|
I want to add; I will be dividing the header even if I use the old (undivided) Turbonetics. My plan was to use the flange I have now but fabbing up a divider piece and then notching between the secondaries and welding in. Finish up by milling flat the mating surface and call it done.
|
That's pretty much what we do on our split plenum headers. The only remaining area of concern is your waste gate pipes. Using smoother WG pipe transitions and completely divided banks as shown below should correct your overboost issues.
http://forums.pelicanparts.com/uploa...1293166598.jpg |
Yep, your the one I got the idea from. I remember you mentioning dividing the headers even if you use an undivided scroll.

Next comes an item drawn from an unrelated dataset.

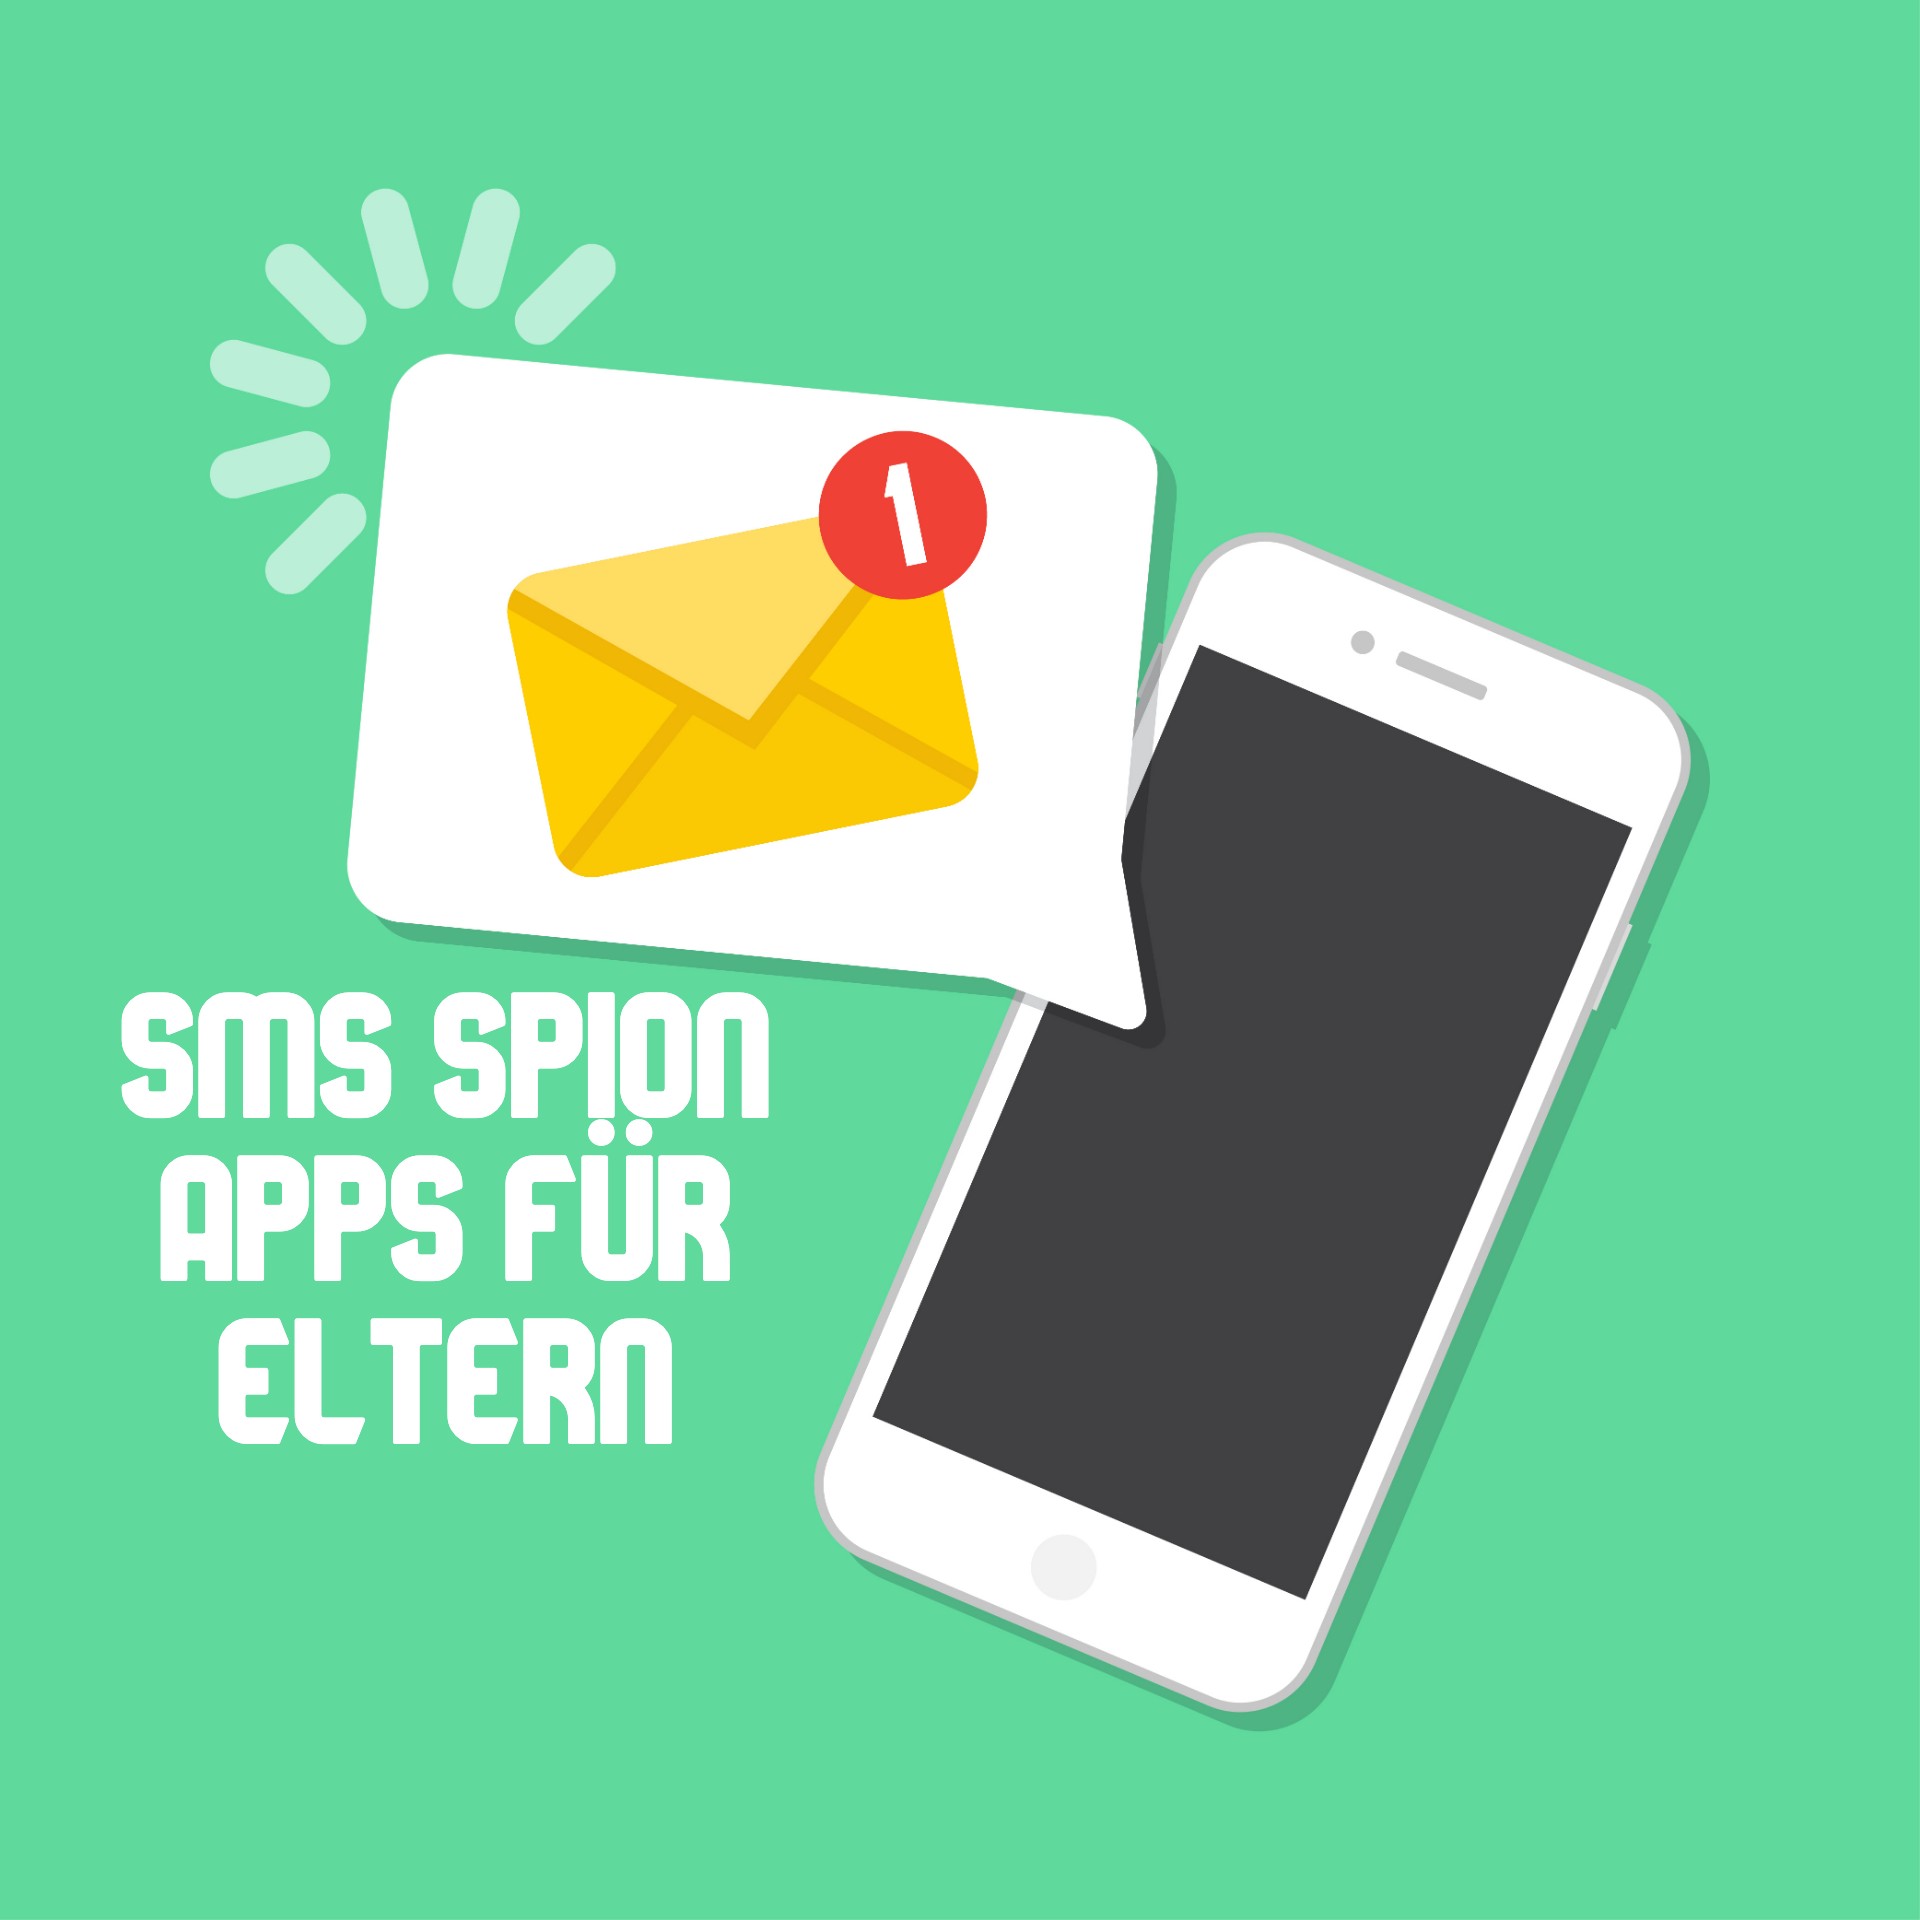 SMS Spion Apps

Made sense to me so that will be the minimum.
|
Brian,
Wow, I sure like that header set. Best of the best. And what a clean work bench. Wondering if that turbo that was so jumpy in traffic you described above was still using the stock compressor bypass valve? Thx. |
Keith,
I use cardboard to cover my work bench so I can just throw it away when it gets dirty, ha! The above headers were built for a 550+WHP engine. Primaries are 1.625" with the gasket protectors deleted so the flanges could be port-matched. The "jumpy" 930 used a K27HFS turbo and 965BOV. It went from just spooling quick to jumpy after the fuel and ignition curves were customized and dialed in perfect. |
IMO forget ball bearing as anything much else than a sales argument. 100rpm at it max on a 3.3L and short life time (see why does honeywell/Garrett have the same programe with 360 trust bearings..). And billet or cast is not related to spoolup time. It is has to do with reliability (cast, forced, machined). When talking about the wheels vs. spoolup it is mostly a matter of effencency (wheel pattern/flow pr. rotation)...and weight.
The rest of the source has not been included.